A few weeks ago, I had a really deep conversation with my parents – like, me sobbing uncontrollably until I could barely breathe deep. In all honesty, it was weird. It was a combination of absolutely awful yet relieving at the same time. I was stressed beyond belief, between school, work, organizations and continuous demo. Now, you would think that demo at our new house would not affect me at all at this point, because I am away at school. Wrong.
Oddly enough, I feel like sometimes, it affects me more. Ever since demo started, I have felt unsettled – even though this feeling of un-settlement is small. My belongings are scattered between three different places, and every time I am home, I live out of a duffel bag (obviously because I have to go back to school), but also because half of my stuff is with me at school, and the other half is packed away in boxes. It has actually gotten to the point where I cannot even remember what I packed in each box. But, I guess that’s what happens when you pack months before your family because you are a) too excited and b) leaving for school.
Now, do not get me wrong. I am not constantly stressing over things I have no control over – because there is not any point. However, sometimes, it just hits you.
That few weeks ago, it hit me like a train.

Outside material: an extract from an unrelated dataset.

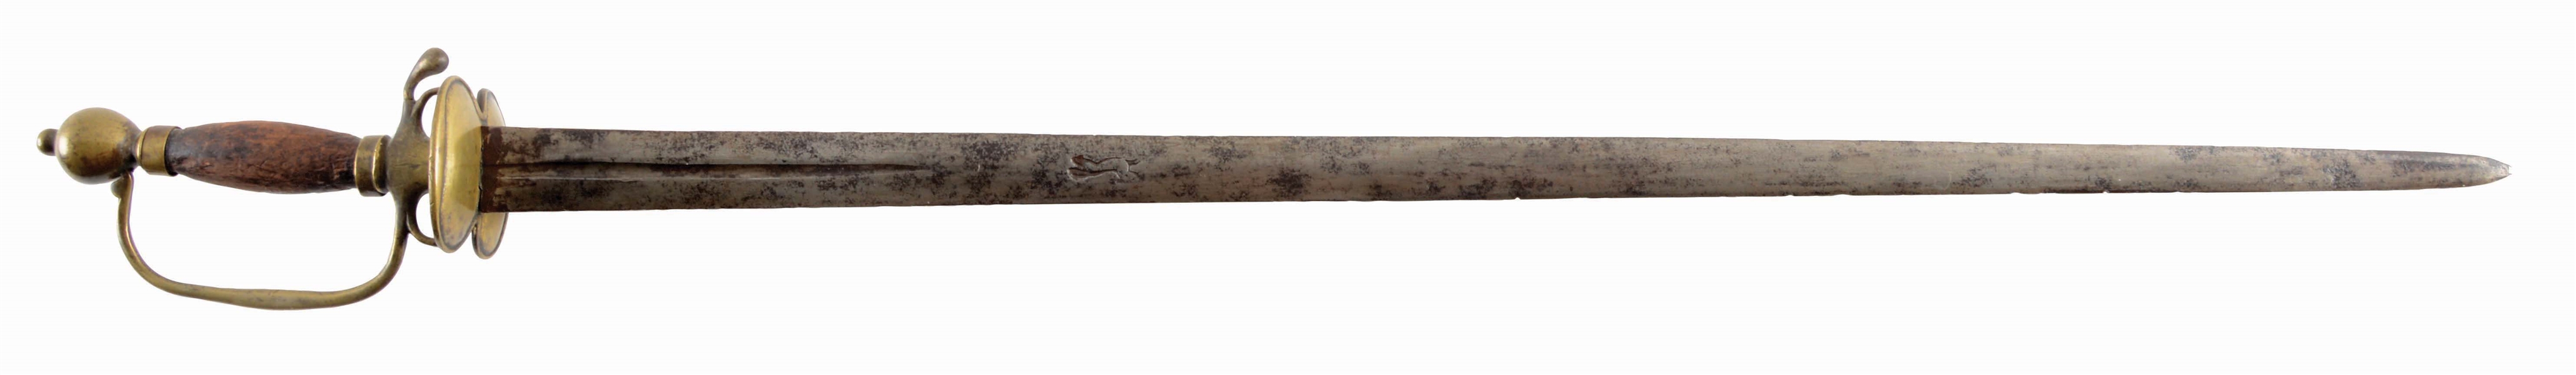 REVOLUTIONARY WAR OFFICERS SMALL SWORD WITH MARKED BLADE.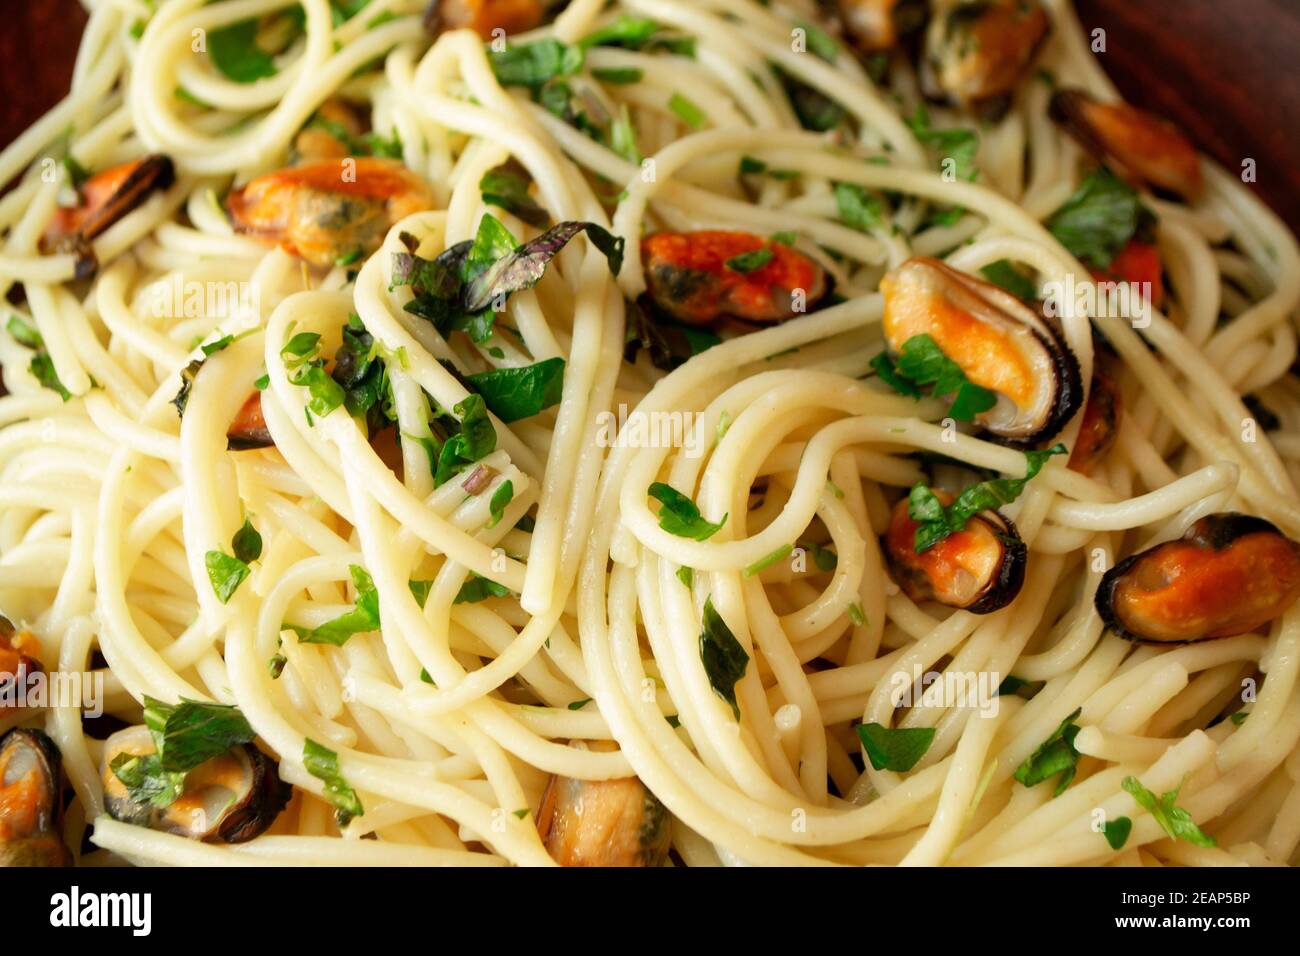 Spaghetti with mussels and clams, Mediterranean food, close up Stock Photo

My parents are working extremely hard to have our house finished. We are months behind schedule, and everyone is stressed and worn out. So, when I broke down to my parents, my dad made the comment, “a house is not a home.”
He made sense of all of my pent up feelings. I have had such a love-hate relationship with coming home this semester. I want to come home and spend time with family and try to organize my life at home, but everything is scattered – because we’re all trying to turn our new house into our new home. The first few weekends I came home, I rarely saw my parents, because I would stay at our condo and do school work and they would work at the house. The last couple of weeks, I started to go to the new house to do homework, and that’s when it clicked. I hated being at the condo alone, because when I came home, I wanted my parents.
So, like my dad said, at this point in my life, the house is not my home. Home is where mom and dad are. Home is where family is; home is where your heart is.